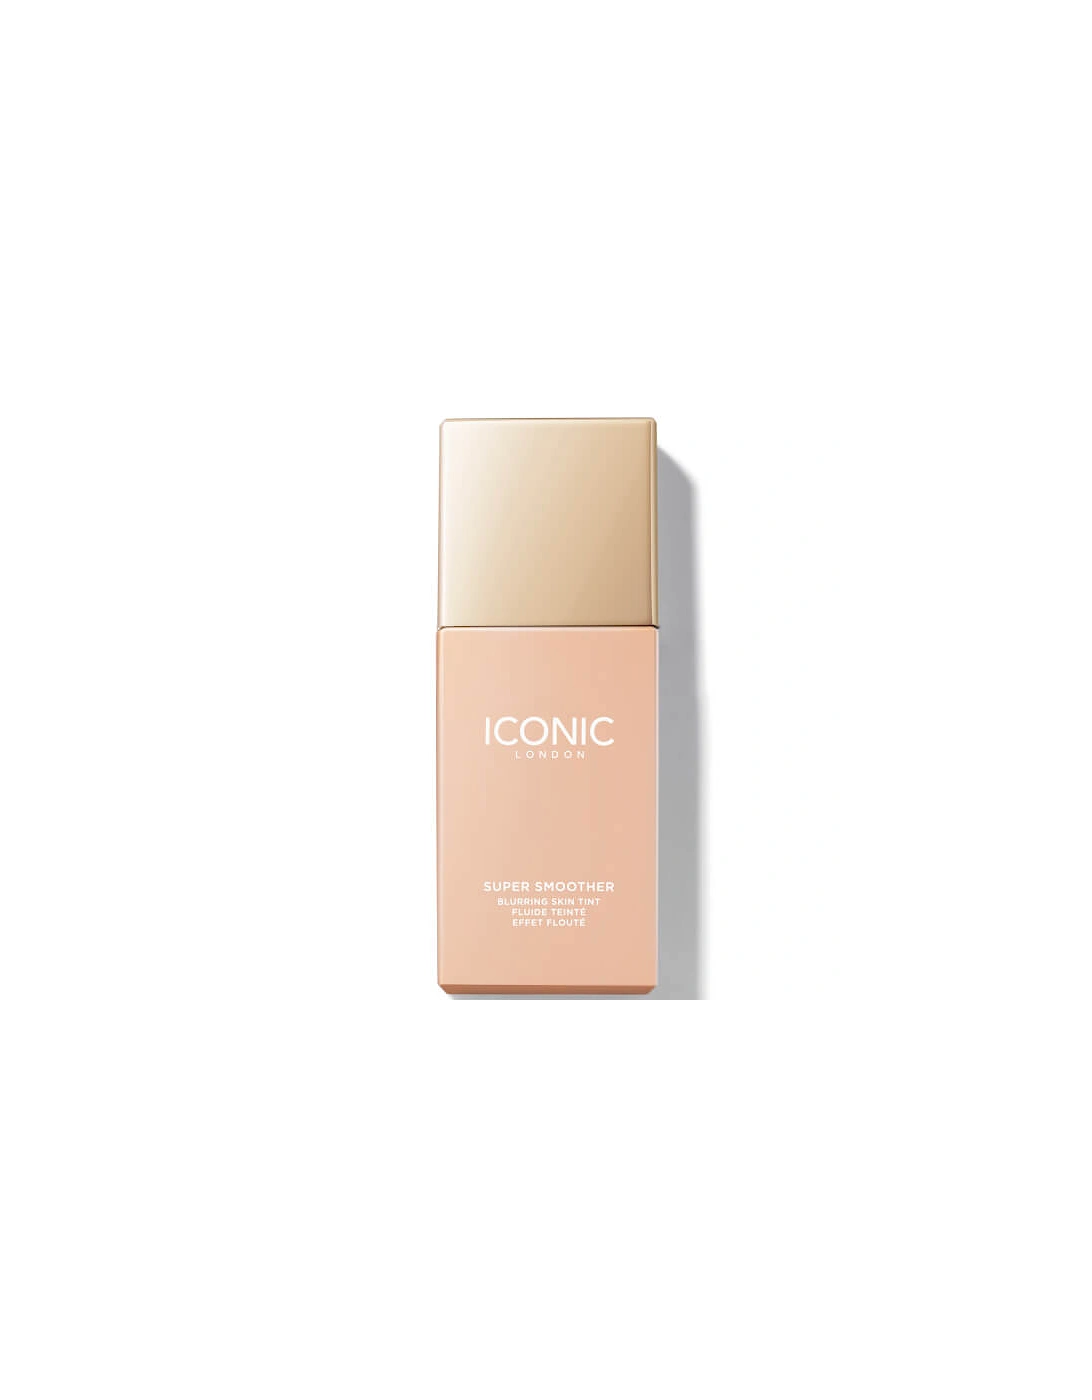 Super Smoother Blurring Skin Tint - Cool Fair, 2 of 1
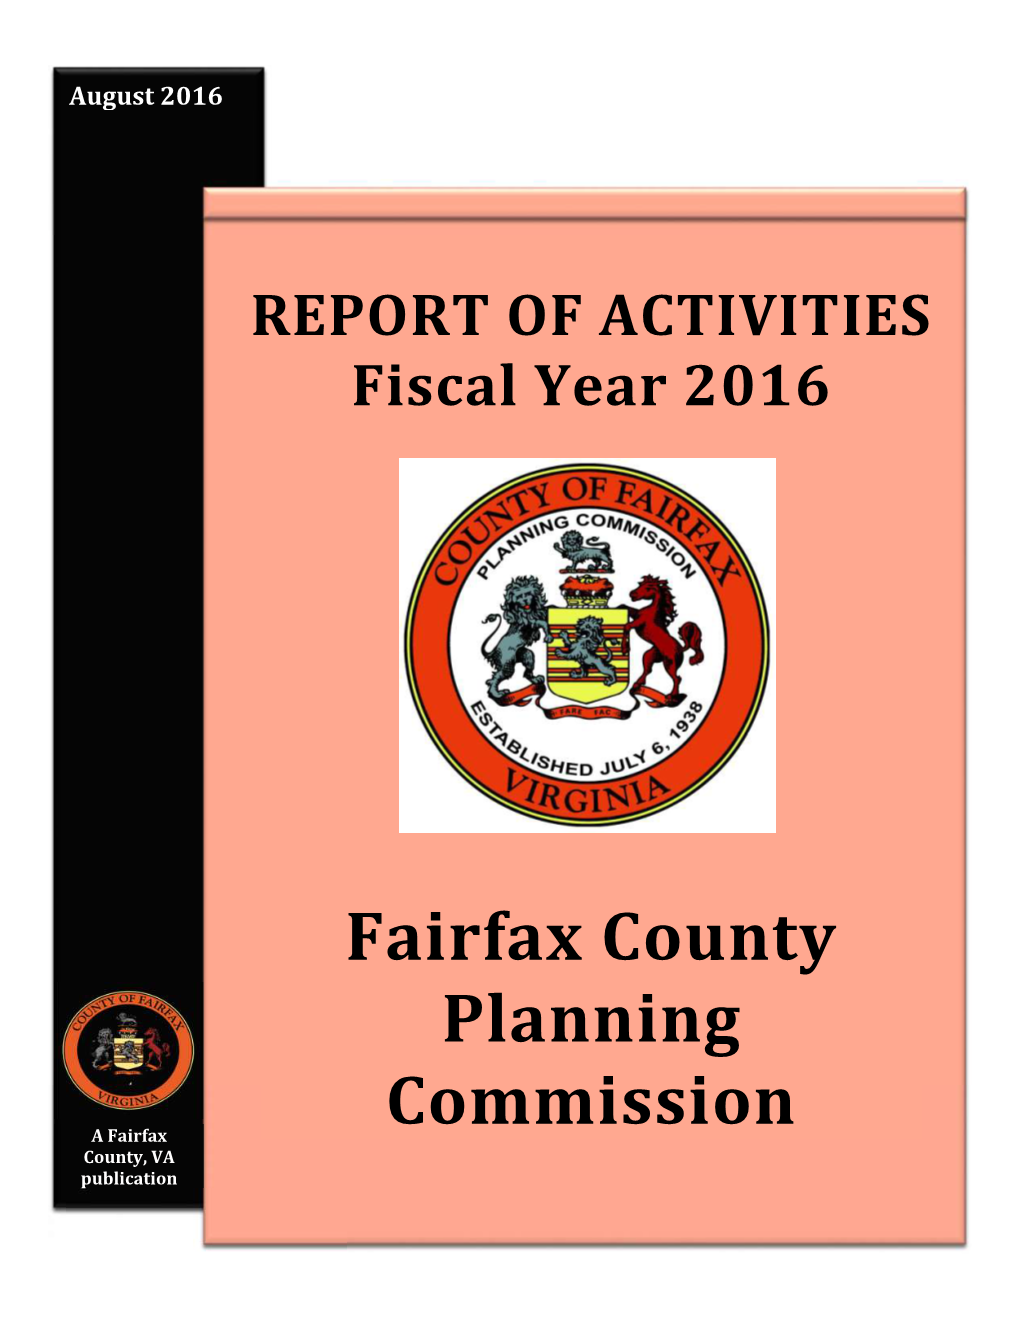 Fairfax County Planning Commission
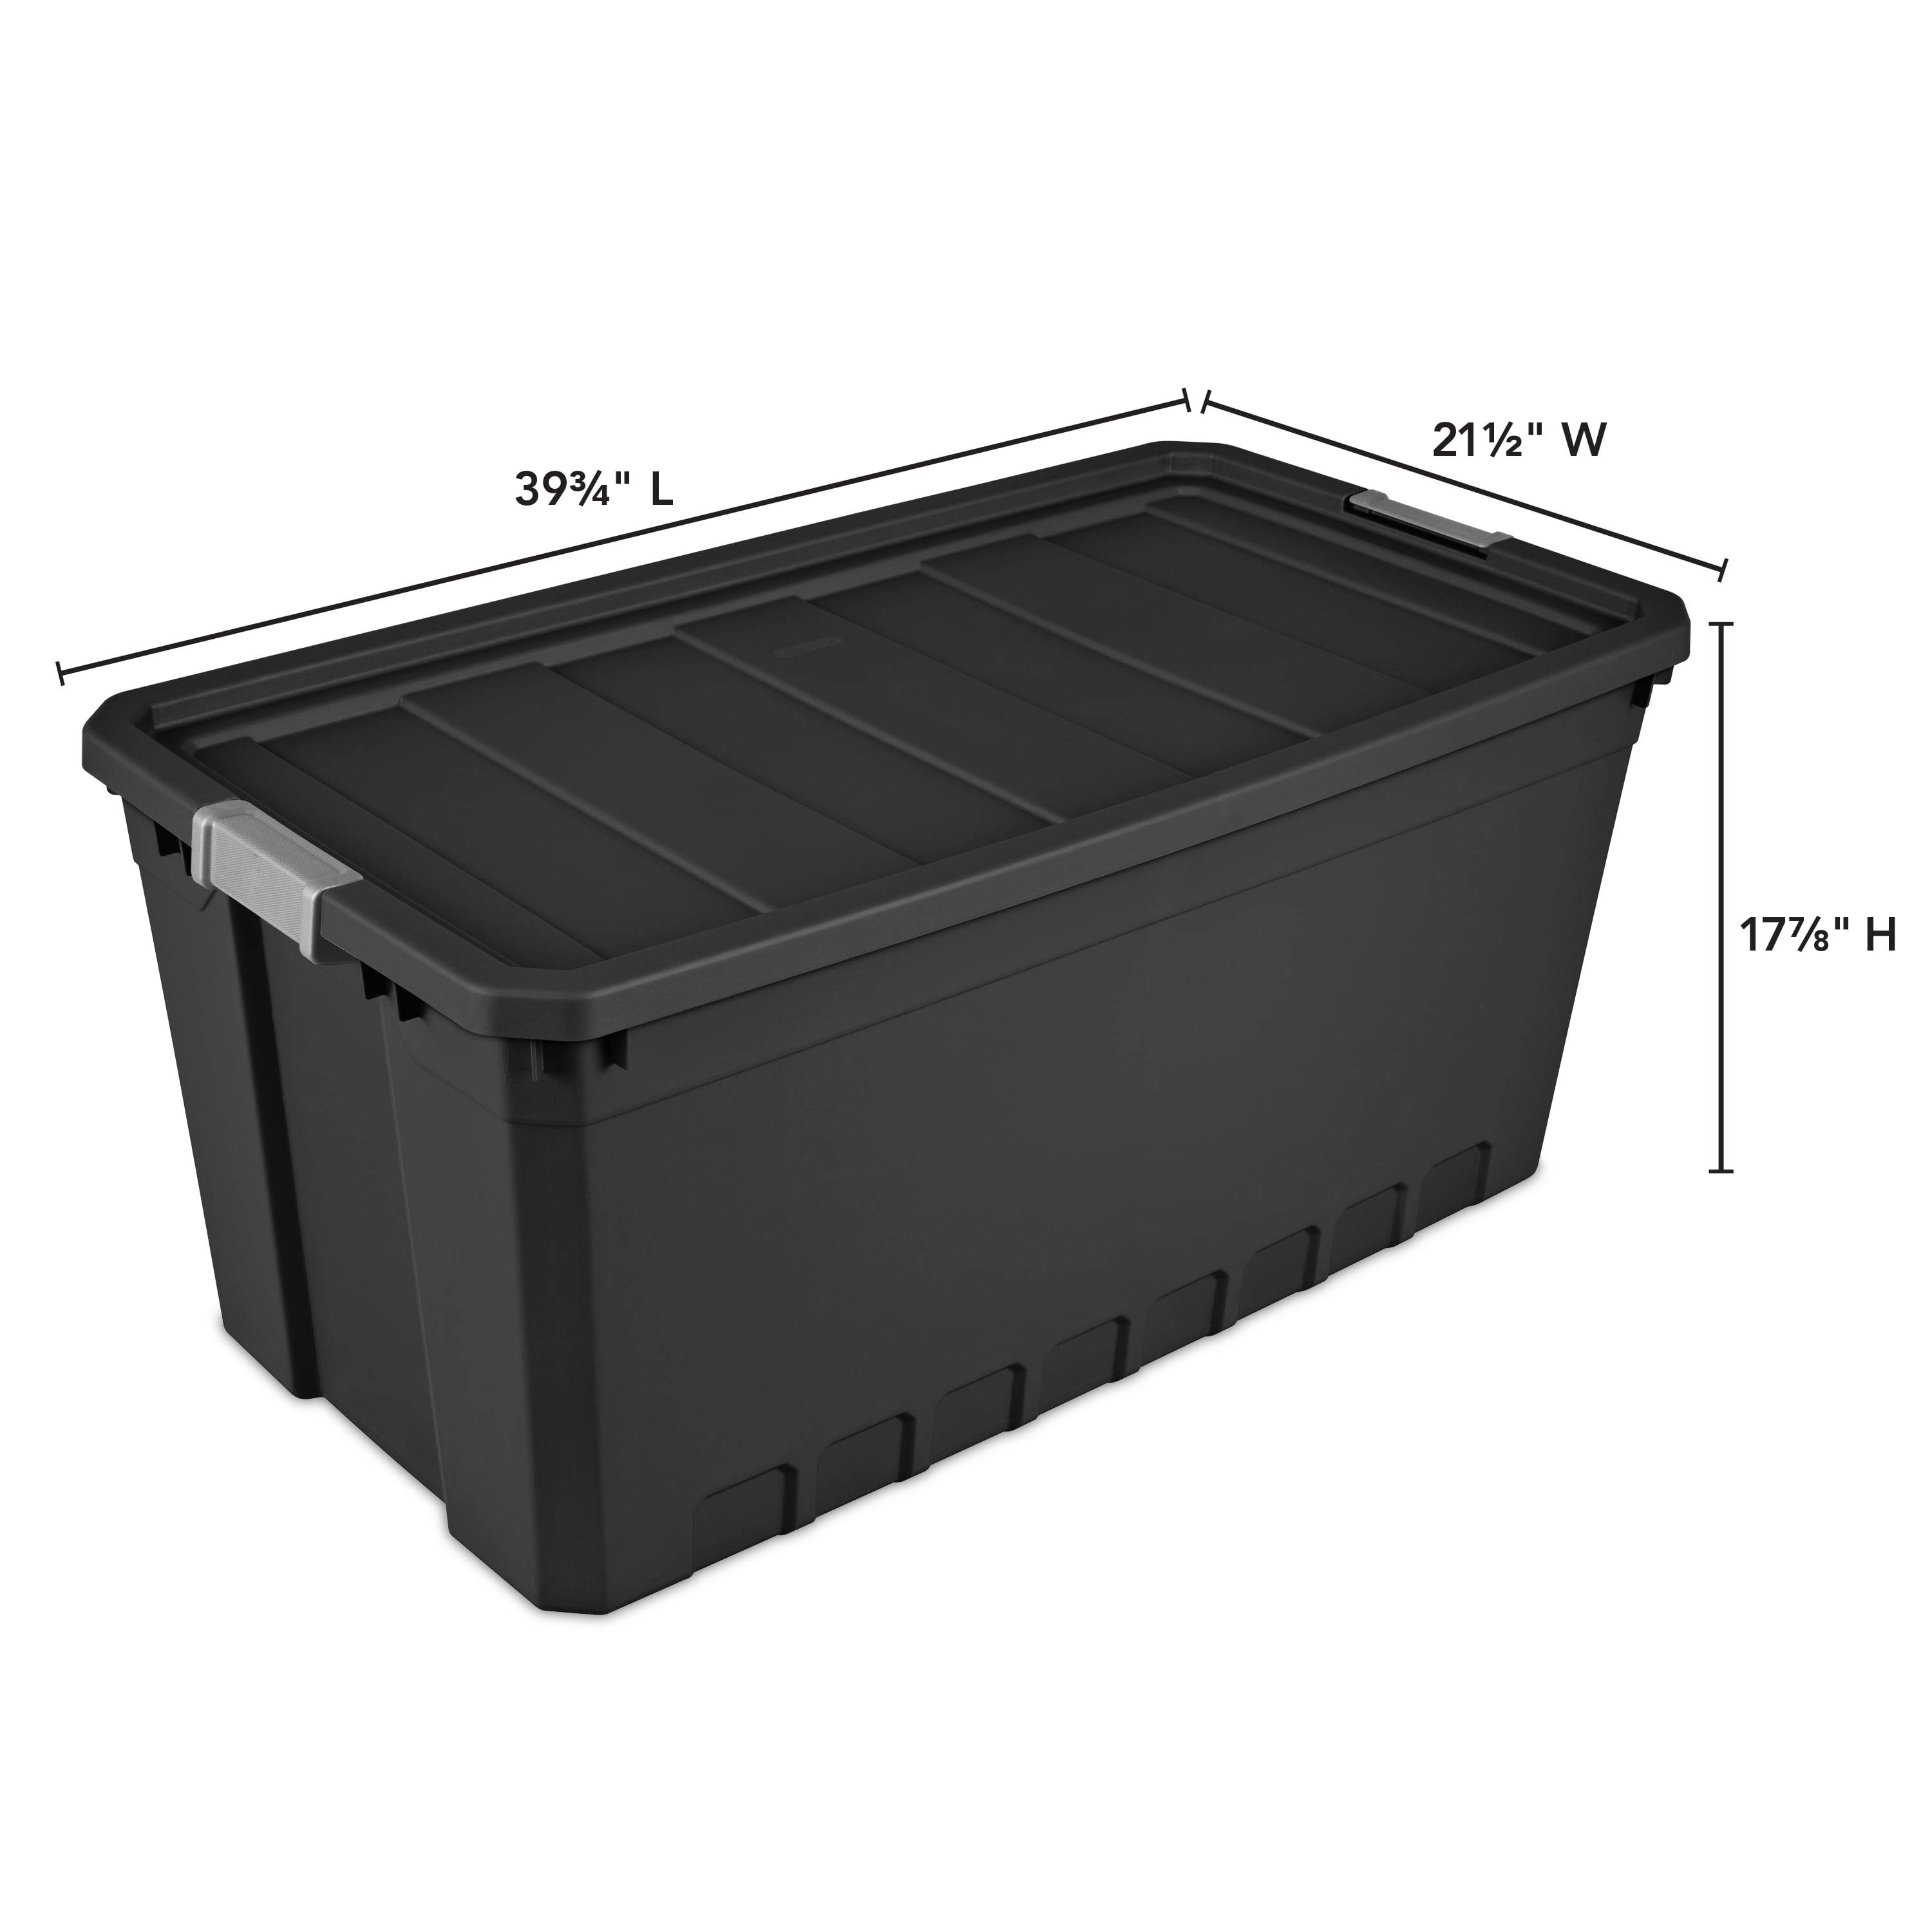 Large Black 50 Gallon Plastic Storage Containers Tote Black Case of 3

=-=-=-=-=

* **Requirement**
For this exercise, restate the material exactly and skip every picture.

* **Written solution**
 Super Smoother Blurring Skin Tint - Cool Fair, 2 of 1
 Fairfax County Planning Commission
 Large Black 50 Gallon Plastic Storage Containers Tote Black Case of 3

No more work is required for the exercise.